David Larssen, Schlumberger Water Services - Westbay, Burnaby, BC, Canada
David Larssen is a Geological Engineer (University of British Columbia, Canada, 1976) with over 30 years of experience working with advanced field instrumentation systems for hydrogeologic characterization and monitoring. His experience with world-leading groundwater instrumentation support his firm commitment to the highest quality standards in implementation, data collection and data management. Larsenn has expert knowledge in all significant Westbay System applications worldwide and has contributed to advanced development, patenting, and implementation of new instrumentation capabilities.

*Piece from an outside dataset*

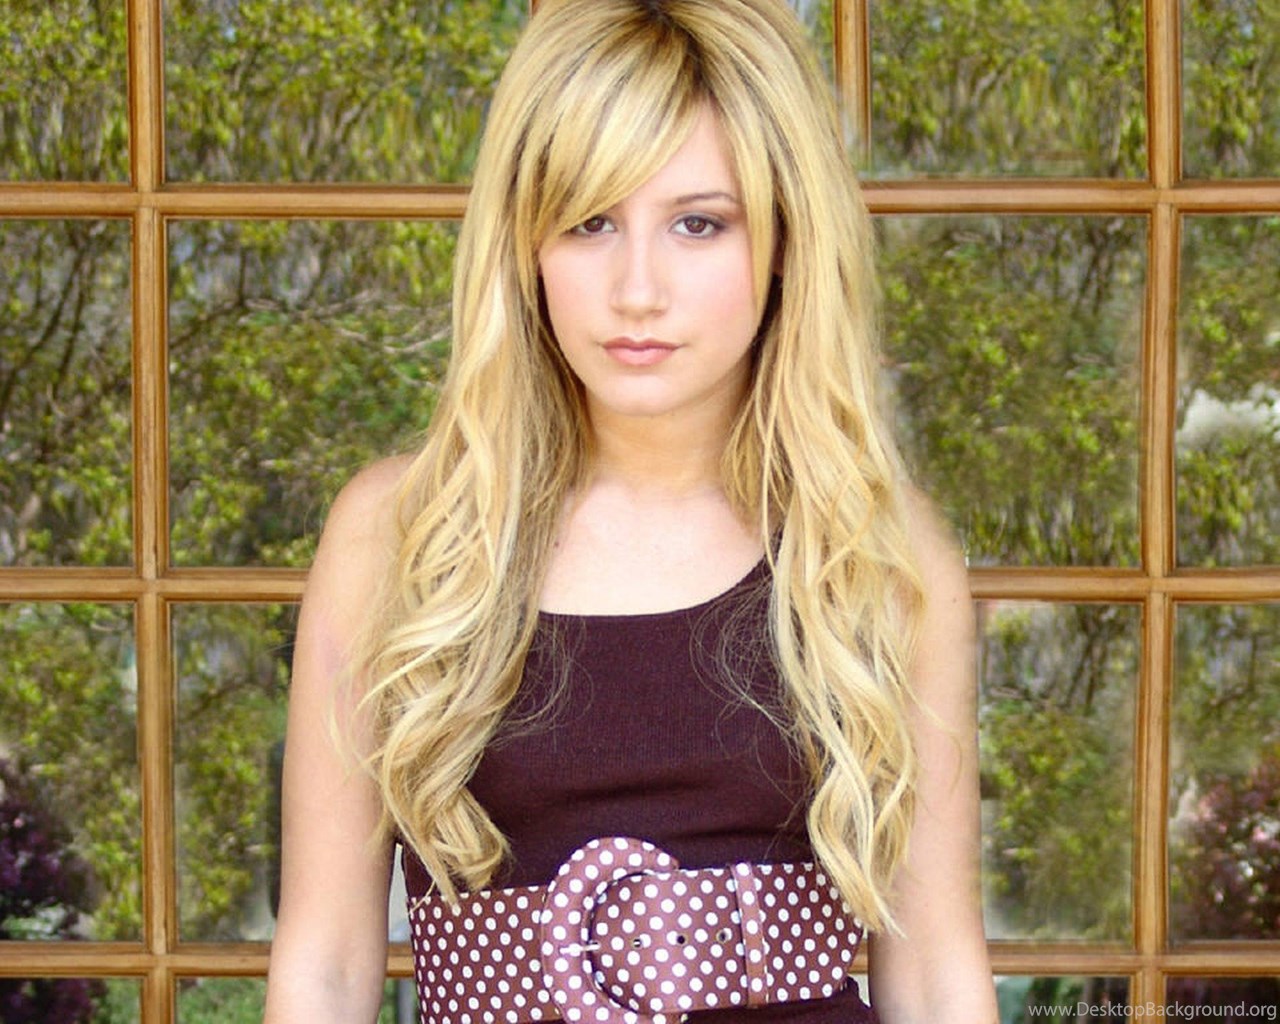 Download Ashley Tisdale Wallpapers For Desktop In HD 2015 Popular 1280x1024...

William Black, Schlumberger Water Services - Westbay, Burnaby, BC, Canada
William Black is a Geological Engineer (University of British Columbia, Canada, 1978) with over 35 years of experience working with advanced field instrumentation systems for hydrogeologic characterization and monitoring. This includes 10 years as a field engineer and field services manager developing and implementing early installation and operating procedures for the Westbay System and over 20 more years as a senior technical advisor to Westbay clients worldwide.


Walter Salden, Schlumberger Water Services - Westbay, Burnaby, BC, Canada
Walter Salden is a Geological Engineer (University of British Columbia, Canada, 1985) with considerable experience in groundwater instrumentation for research applications. He spent three years as an invited International Research Fellow to the JAEA Mizunami repository research site in Japan where he contributed to the management and interpretation of detailed groundwater instrumentation during construction of a 1000 meter-deep exploration shaft.


Alexandro Ley, Schlumberger Water Services - Westbay, Burnaby, BC, Canada
Alexandro Ley has a degree in Electronics Engineering (Universidad de las Américas Puebla, Mexico). He has been with Schlumberger for over 20 years in a range of capacities. As the Westbay Manager in Schlumberger Water Services, Ley brings wide-ranging oilfield experience related to collection, visualization, and interpretation of deep subsurface information. His experience and focus on quality systems and pragmatic implementation of best practices brings a strong commitment to quality subsurface information as the basis for informed decision making.


Daniel Gomes, Water Technologies, Waterloo Hydrogeologic, Denver, CO
Mr. Gomes is Waterloo Hydrogeologic’s Consulting Manager, with over 29 years of experience in groundwater flow and solute transport assessment and modeling. He received his BSC. in Geology (1985) and M.Sc. in Hydrogeology (2004) from the University of São Paulo, supervised by Dr. Bob Cleary. Prior to this position Mr. Gomes worked for Schlumberger Water Services and served as a technical expert for several agencies of the United Nations system. He is currently the main instructor Of NGWA’s New Modflow Short Training Course.